Where we Work
Udemy is a global company headquartered in San Francisco, with additional U.S. offices in Denver and Austin, and international hubs in Australia, India, Ireland, Mexico, and TΓΌrkiye. This is an in-office position, requiring three days a week in the office (Tuesday, Wednesday, Thursday) and flexibility on Mondays and Fridays.
About your Skills
Strong verbal and written communication skills in English.
Troubleshooting and problem-solving abilities with attention to detail.
Ability to work effectively in a team, share ideas, and adapt to feedback.
About this role
Engineering teams at Udemy build & manage several microservices that power the Udemy B2B and D2C products. As a Reliability Engineer Intern on the Datastore Infrastructure (DSI) team, you will have the opportunity to work closely with Senior Staff Database Reliability Engineers on a high-impact, focused project. This 12-week program is designed to give you hands-on experience in managing critical data infrastructure and contribute to the reliability and scalability of our core services. Your project will be scoped to provide significant learning while directly impacting the performance, uptime, or security of a key datastore, streaming, or caching component.

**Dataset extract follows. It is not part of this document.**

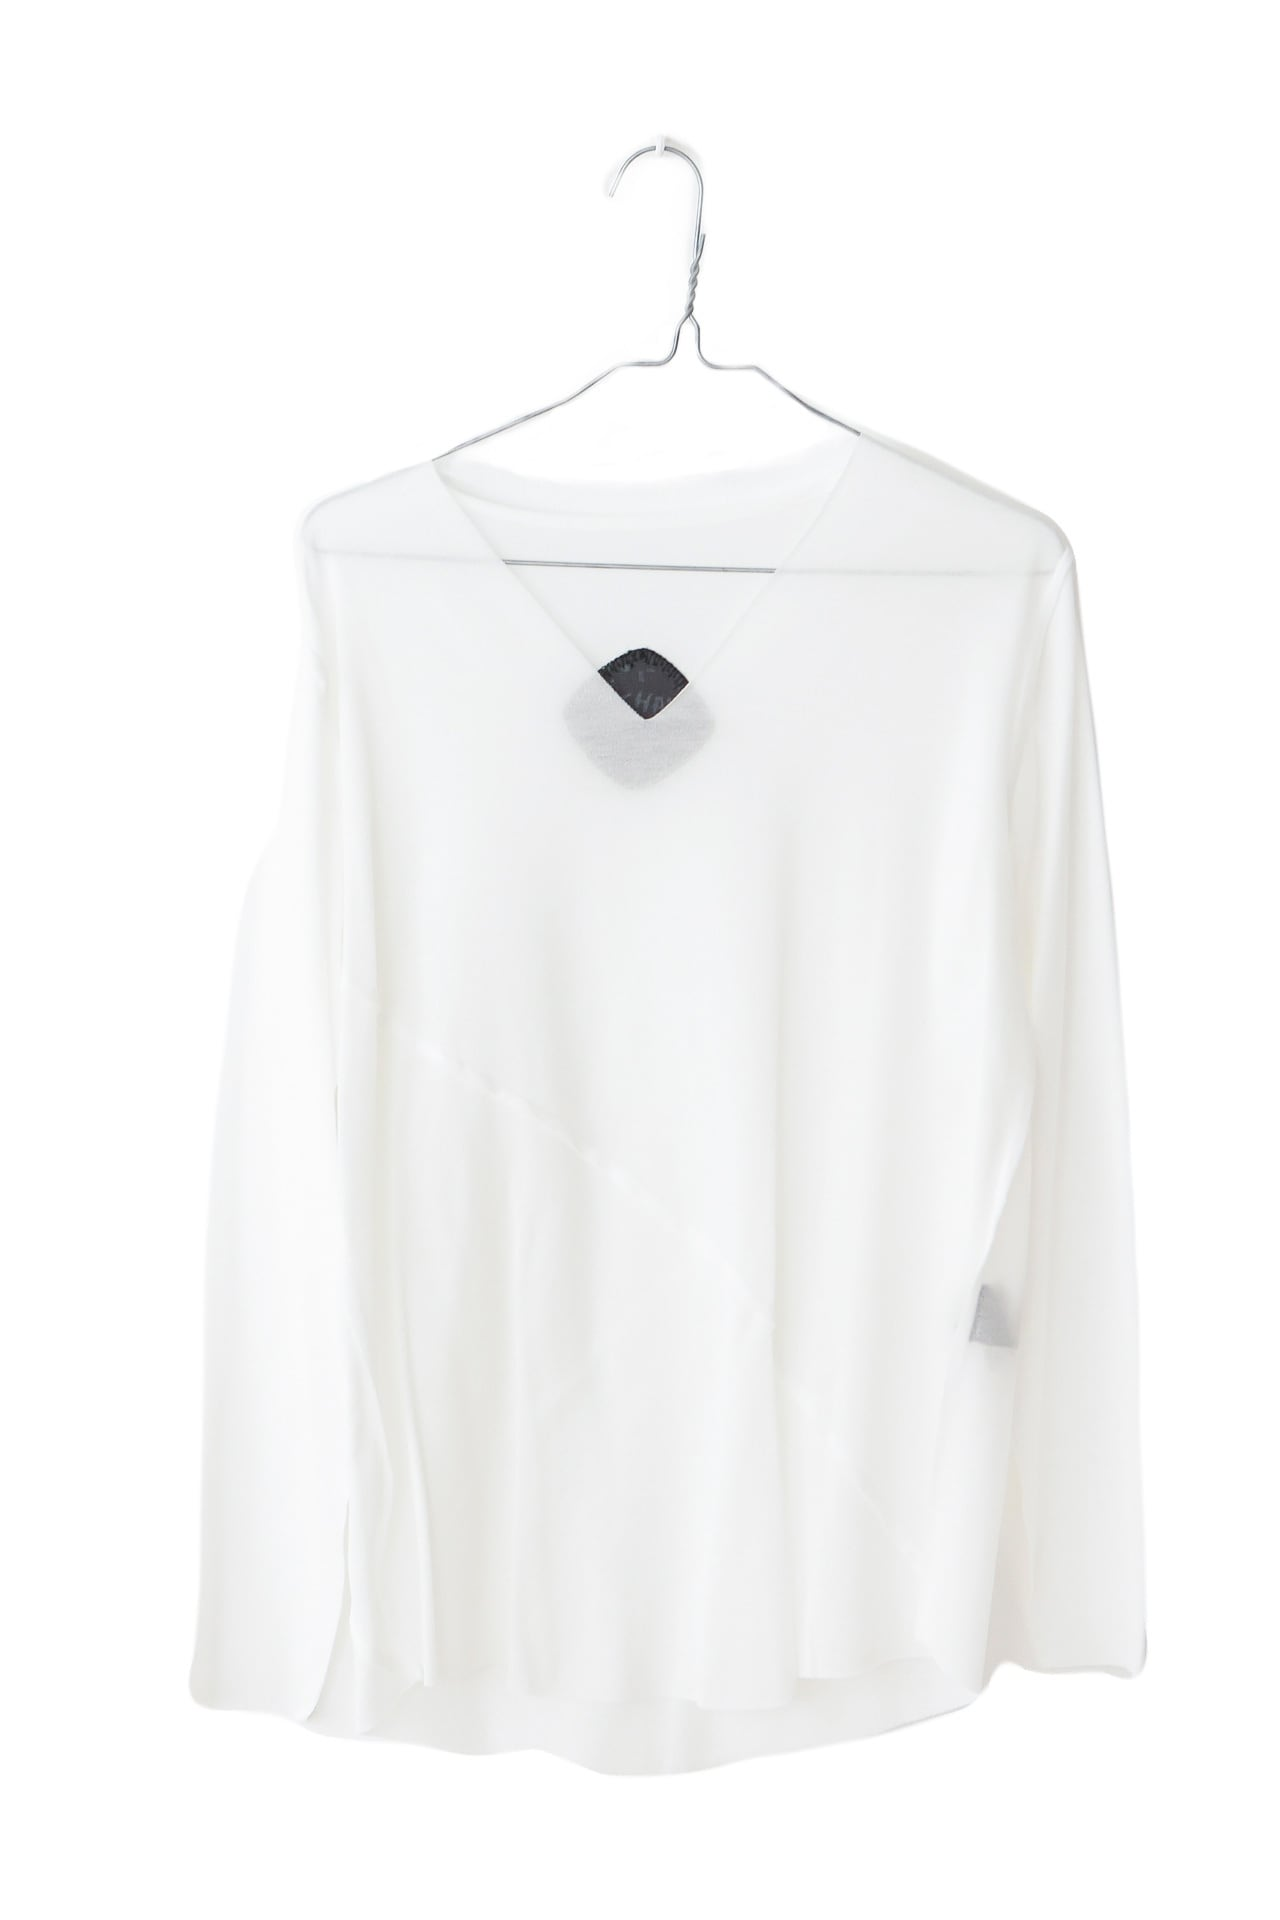 Tshirt【COTTON コットン】WHITE CS1904[税/送料込][受注生産]
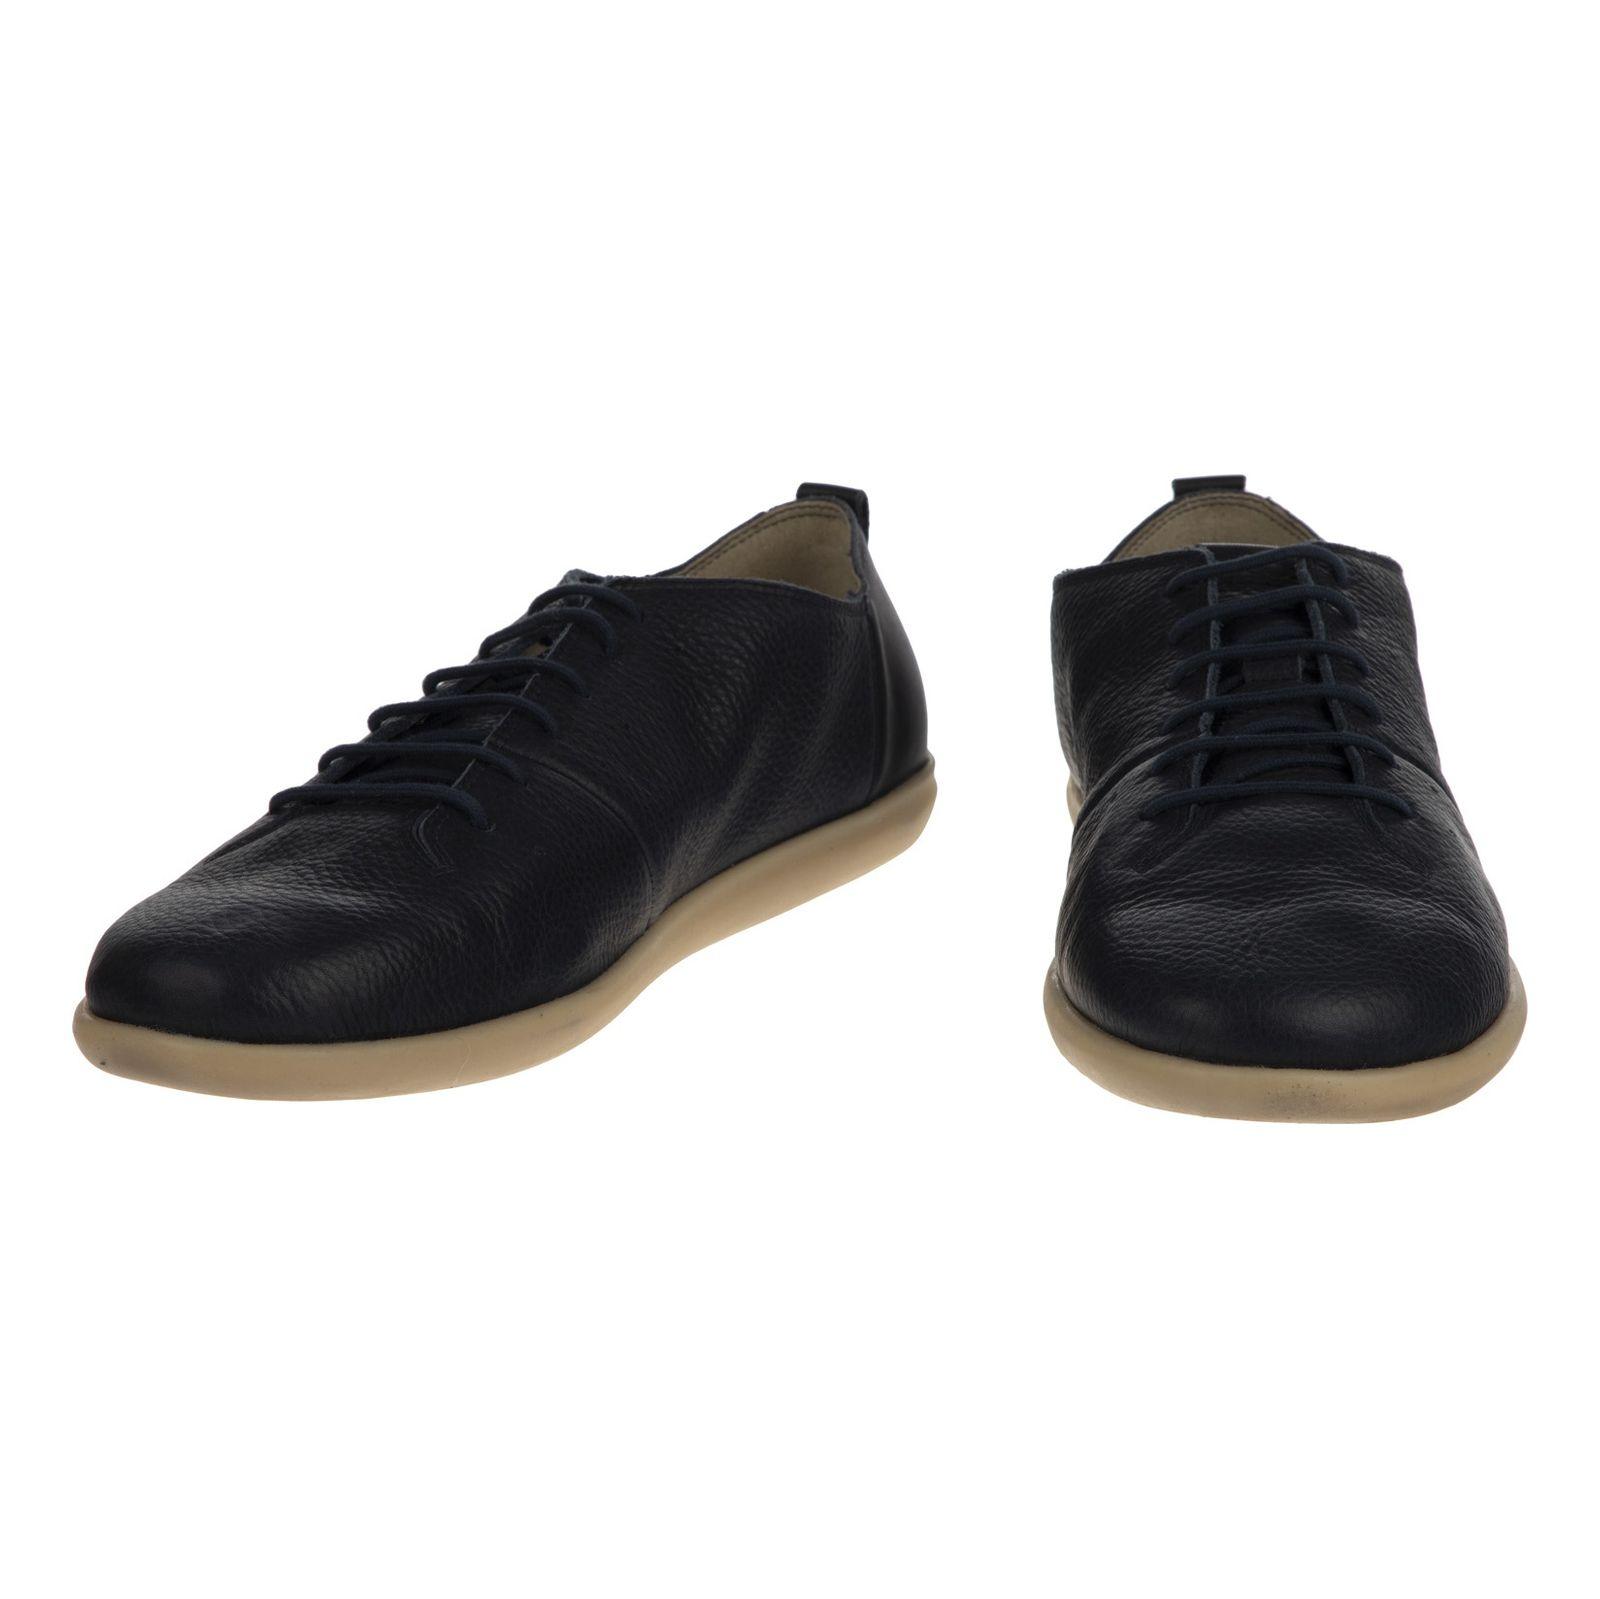 کفش روزمره مردانه جی اوکس مدل U620QB-04643-C4002 -  - 5

What you'll be doing (12-Week Focus):
Learn and Contribute to Core Systems: Spend time learning the team's technology stack, including our use of databases (e.g., MySQL, PGSQL), streaming platforms (Kafka), caching systems (Redis), and infrastructure-as-code tools (Terraform).
Scoped Project Implementation: Design, specify, and implement a feature or improvement for a core infrastructure component, focusing on automation, monitoring, or performance. This project will be the central focus of your 12-week internship.
Infrastructure Automation: Assist in developing immutable infrastructure patterns and writing automation code in languages like Python or Golang to improve developer efficiency and service reliability.
Observability and Monitoring: Contribute to enhancing the observability of our systems by improving monitoring and documentation for datastore health and performance.
Code Review and Quality: Participate in code reviews to learn best practices for quality, security, and performance in a production environment.
Agile Collaboration: Collaborate with the wider Platform team and cross-functional partners to understand engineering requirements and integrate your project seamlessly.